I would love to go and see the NCVs again and we keep receiving invitations too but my SO says no every time again so I can't go.  I still could drive by one day and ask in person to see the resort but will get no points or anything which is fine with me.  I know what the units look like because we stayed there once a week.  I can imagine that it is getting very crowded with so many units but the location is great but not on the beach.


----------



## taffy19 (Jul 6, 2008)

Lawlar said:


> By the way, I noticed that someone with week 5 (we have week 4) just listed their unit on Redweek.  I am wondering if it would be advantageous to list our unit in the event that someone wants to buy two consecutive weeks (my wife gave me a dirty look when I sugested this).  I might list our unit just to see if the Gods grant us a miracle.
> 
> Sorry I'm getting way off topic.


Not a bad idea as so many people there have bought multiple weeks on a row as staying one single week in Hawaii is hardly worth it anymore with the expensive airline fares today.  If you are really unhappy, I would try it and see what happens.  I also would contact the other buyer so you can both tell a prospective buyer that there are two weeks available on a row.  The buyer gets it a lot cheaper than if he would buy from the Marriott direct.  January has to be very popular too, I would think.  The whales are there too and many people like the winter months.  We were there in January and we didn't have any rain but it can rain as it is the rainy season.  Good luck with whatever you decide.


----------



## gomike (Jul 7, 2008)

After reading these posts I am left wondering why you did not leave the presentation after 90 min?  That is what you agreed to when you signed up for the preview.


----------



## davewasbaloo (Jul 7, 2008)

Wow, I think we lucked out.

At our Paris presentation we had a great experience. We were there for 3 hours and drinking champagne, but we were negotiating the best deal to buy as we knew we were likely to buy as DVC is a waste in Europe unless you always want to go to WDW (which we don't). Fab - and we have made friends with our rep now!

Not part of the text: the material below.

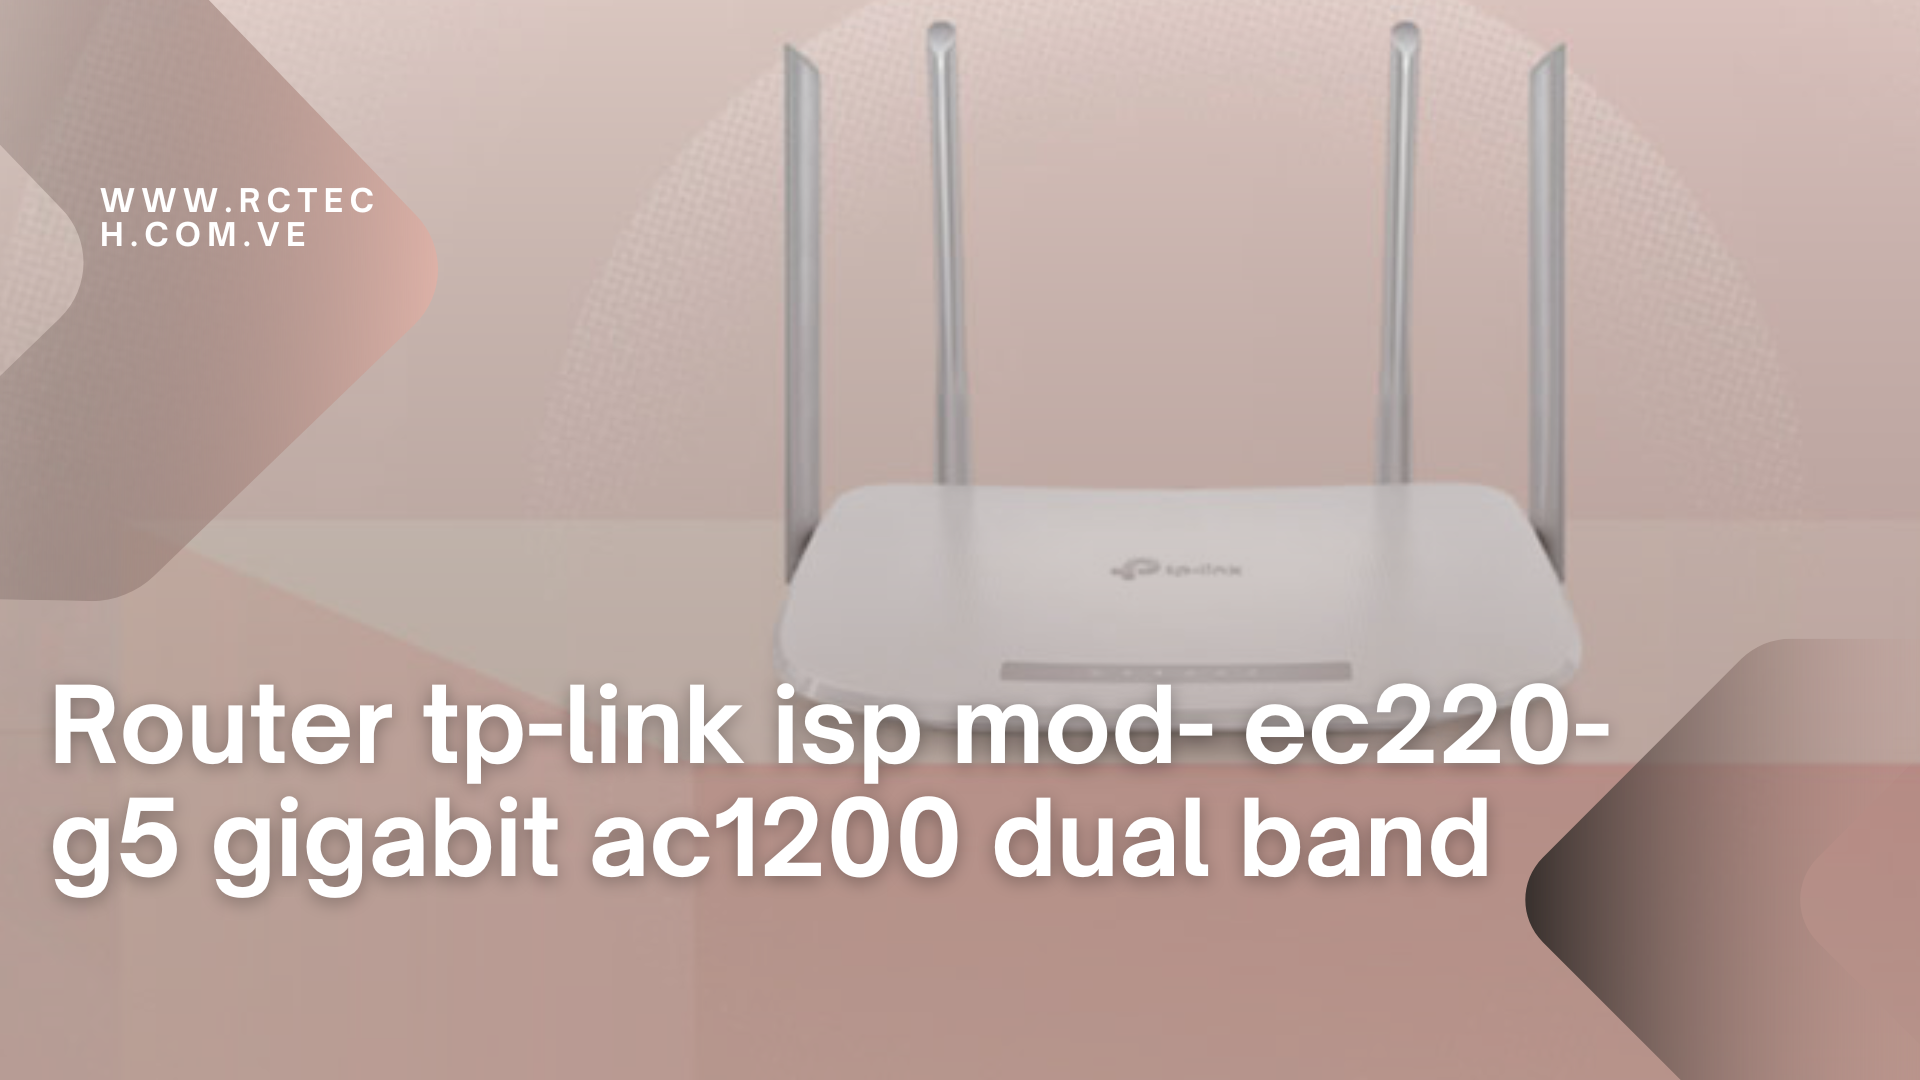 Router TP-LINK ISP MOD- EC220-G5 Gigabit  AC1200 dual band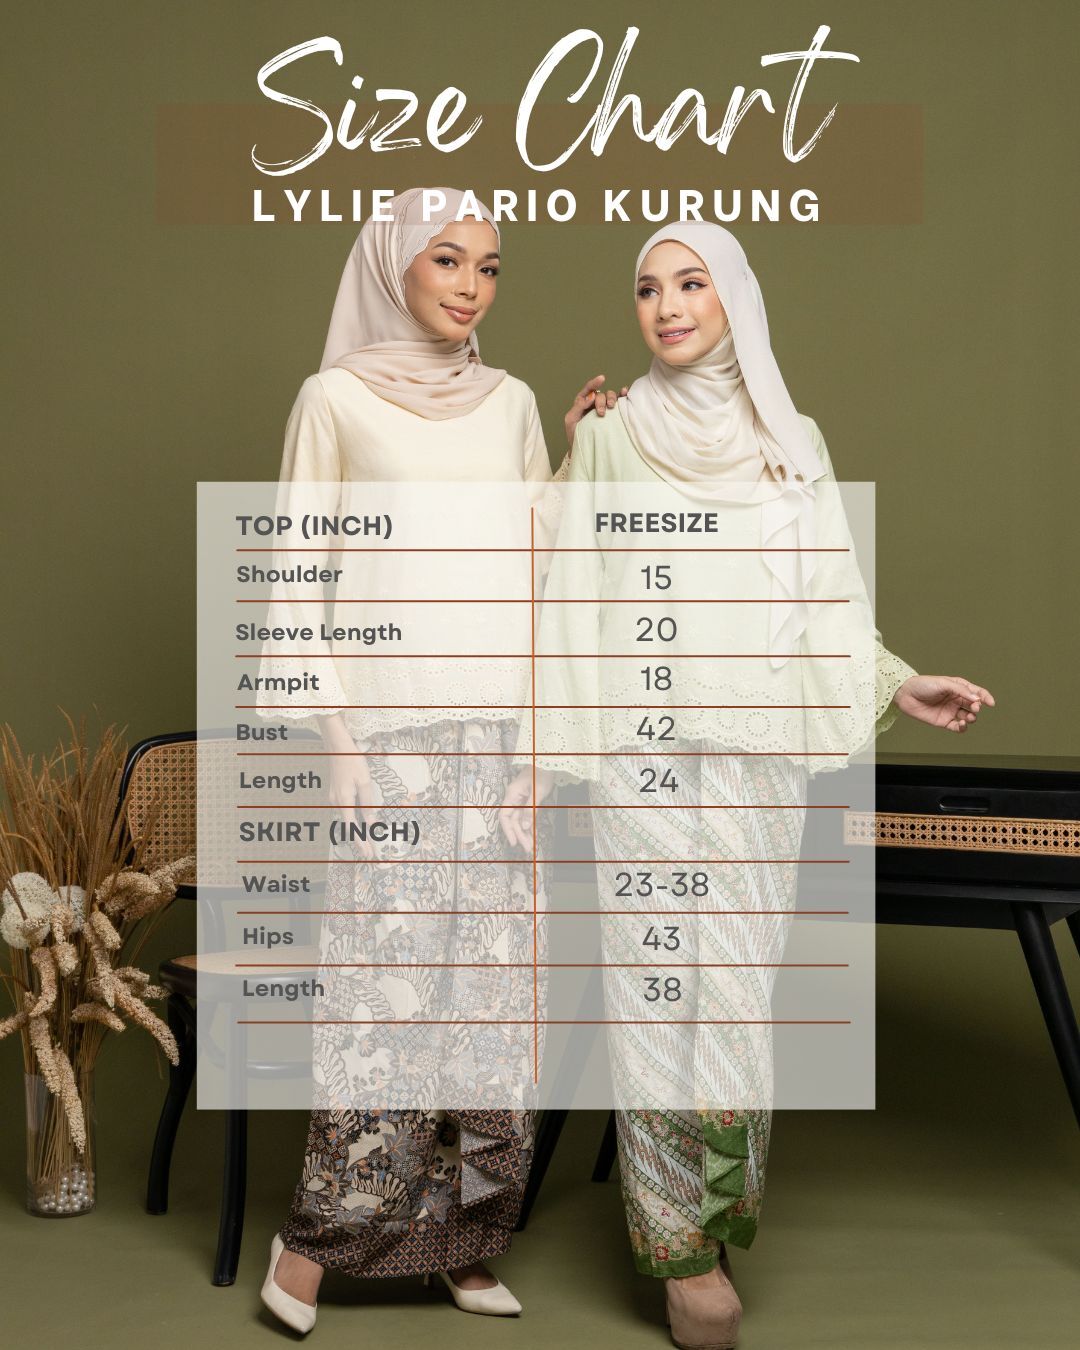 haura-wear-lylie-kurung-kebaya-sulam-embroidery-pario-klasik-tradisional-mini kebaya-fabrik eyelet-raya-muslimah-long-sleeve-baju-skirt-kain-perempuan-baju-sepasang (18)

In Mallorca, we exchanged in off peak. Had a fabulous session where we just chatted with our rep from Italy, and she updated us on developments and prices. We covered some referrals and left 45 mins later, had a fab time, more champagne and left with some points.

Newport Coast - the worst one of the lot (but still good). We talked a while, and the rep was a Disneyland fan and Club 33 member, so we mostly spoke about DL and then Dubai developments. It was not too bad, we just had to wait for a while for it to begin. But we never got our points :-(

We'll have to see what it is like in Playa Andaluzia in February, where we traded in.


----------



## winger (Jul 7, 2008)

iconnections said:


> Me too.   All I would ask him is to put that in writing and you are out of any timeshare presentation pretty quick.  We recently did this in Mexico with an update and that was the end of our meeting.  No salesman anywhere wants to lie on paper because you have proof of their lies.
> ....



Put *what *in writing ???  You lost me there.


----------



## winger (Jul 7, 2008)

davewasbaloo said:


> ...Newport Coast - the worst one of the lot (but still good). We talked a while, and the rep was a Disneyland fan and Club 33 member, so we mostly spoke about DL and then Dubai developments. It was not too bad, we just had to wait for a while for it to begin. *But we never got our points *:-(
> 
> ....


You mean Marriott/Newport has not given you your preview points?  How long has it been?


----------



## davewasbaloo (Jul 7, 2008)

Indeed. It was the 28th of Feb if memory serves.


----------



## winger (Jul 7, 2008)

davewasbaloo said:


> Indeed. It was the 28th of Feb if memory serves.


Hmmm. Each time I attended a Marriott preview, points showed up within 1-2 weeks.  I will be looking out for mine, we attended a NCV presentation on 6/23


----------



## lll1929 (Jul 7, 2008)

*Will Marriott Invite me to a presentation??*

In May of this year, I attend a sales presentation at Marriott Surf Club for 15000 MR pts.  I stayed at the Rennaisance.  In Sept of this year, I will be residing at the Marriott Surf Club.  Will they offer me an opportunity to attend although I have attended in the last few months?  If so, will they offer me an incentive?


----------



## IngridN (Jul 7, 2008)

lll1929 said:


> In May of this year, I attend a sales presentation at Marriott Surf Club for 15000 MR pts.  I stayed at the Rennaisance.  In Sept of this year, I will be residing at the Marriott Surf Club.  Will they offer me an opportunity to attend although I have attended in the last few months?  If so, will they offer me an incentive?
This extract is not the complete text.